© 2020 Published by
Elsevier B.V.
Resuscitation 153 (2020) 88-96
https://doi.org/10.1016/j.resuscitation.2020.05.048
Received: 12 January 2020
/ Accepted: 26 May 2020
Improved survival to hospital
discharge in pediatric in-hospital cardiac arrest using 2 Joules/kilogram as first
defibrillation dose for initial pulseless ventricular arrhythmia
Authors
Derek B Hoyme, Yunshu Zhou, Saket Girotra, Sarah E Haskell,
Ricardo A Samson, Peter Meaney, Marc Berg, Vinay M Nadkarni,
Robert A Berg,
Mary Fran Hazinski, Javier J Lasa, Dianne L Atkins
Source
Email: dhoyme@wisc.edu (D.B.
Hoyme)
Abstract
The American
Heart Association (AHA) recommends first defibrillation energy dose of 2 Joules/kilogram
(J/kg) for pediatric cardiac arrest with ventricular fibrillation (VF) or
pulseless ventricular tachycardia (pVT). However,
optimal first energy dose remains unclear.
Methods
Using AHA Get
With the Guidelines-Resuscitation® (GWTG-R) database, we identified children
≤12 years with IHCA due to VF/pVT. Primary
exposure was energy dose in J/kg. We categorized energy doses: 1.7–2.5 J/kg
as reference (reflecting 2 J/kg intended dose),
<1.7 J/kg and >2.5 J/kg. We compared
survival for reference doses to all other doses. We constructed models to test
association of energy dose with survival; adjusting
for age, location, illness category, initial rhythm and vasoactive medications.
Results
We identified 301
patients ≤12 years with index IHCA and initial
VF/pVT. Survival to discharge was significantly lower
with energy doses other than 1.7–2.5 J/kg.
Individual dose categories of <1.7 J/kg
or >2.5 J/kg were not associated with differences in survival.

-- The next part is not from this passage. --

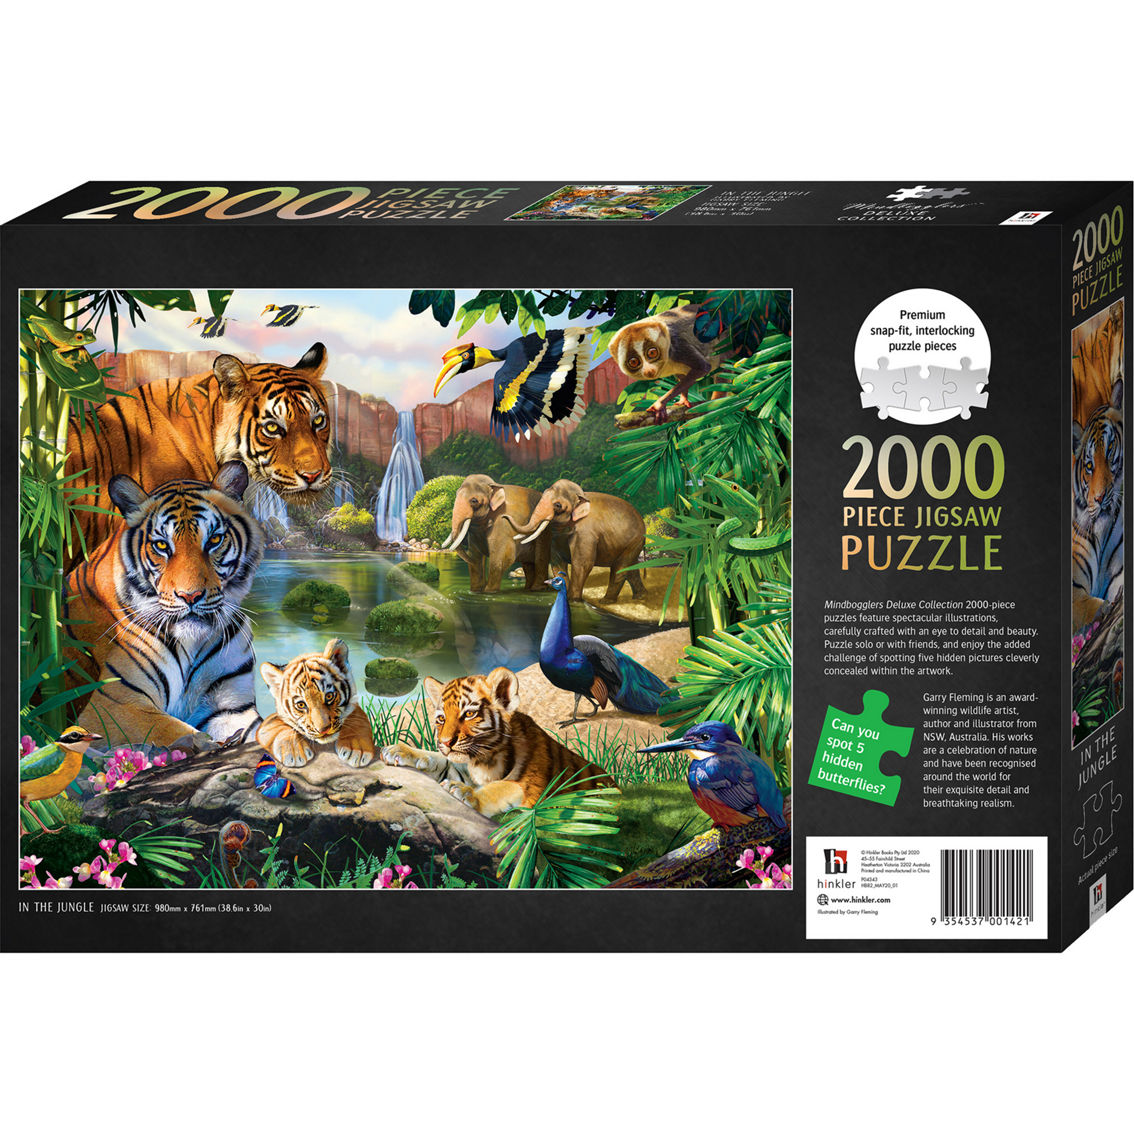 Mindbogglers Artisan in the Jungle 2000 pc. Puzzle - Image 2 of 8

For
patients with initial VF, doses >2.5 J/kg
had worse survival compared to reference. For all patients ≤18 years (n = 422),
there were no differences in survival between dosing categories. However, all
≤18 with initial VF receiving >2.5 J/kg
had worse survival.
Conclusions
First energy
doses other than 1.7–2.5 J/kg are associated with lower rate of survival to hospital
discharge in patients ≤12
years old with initial VF/pVT, and first doses
>2.5 J/kg had lower survival rates in all patients ≤18 years
old with initial VF. These results support current AHA guidelines for first
pediatric defibrillation energy dose of 2 J/kg.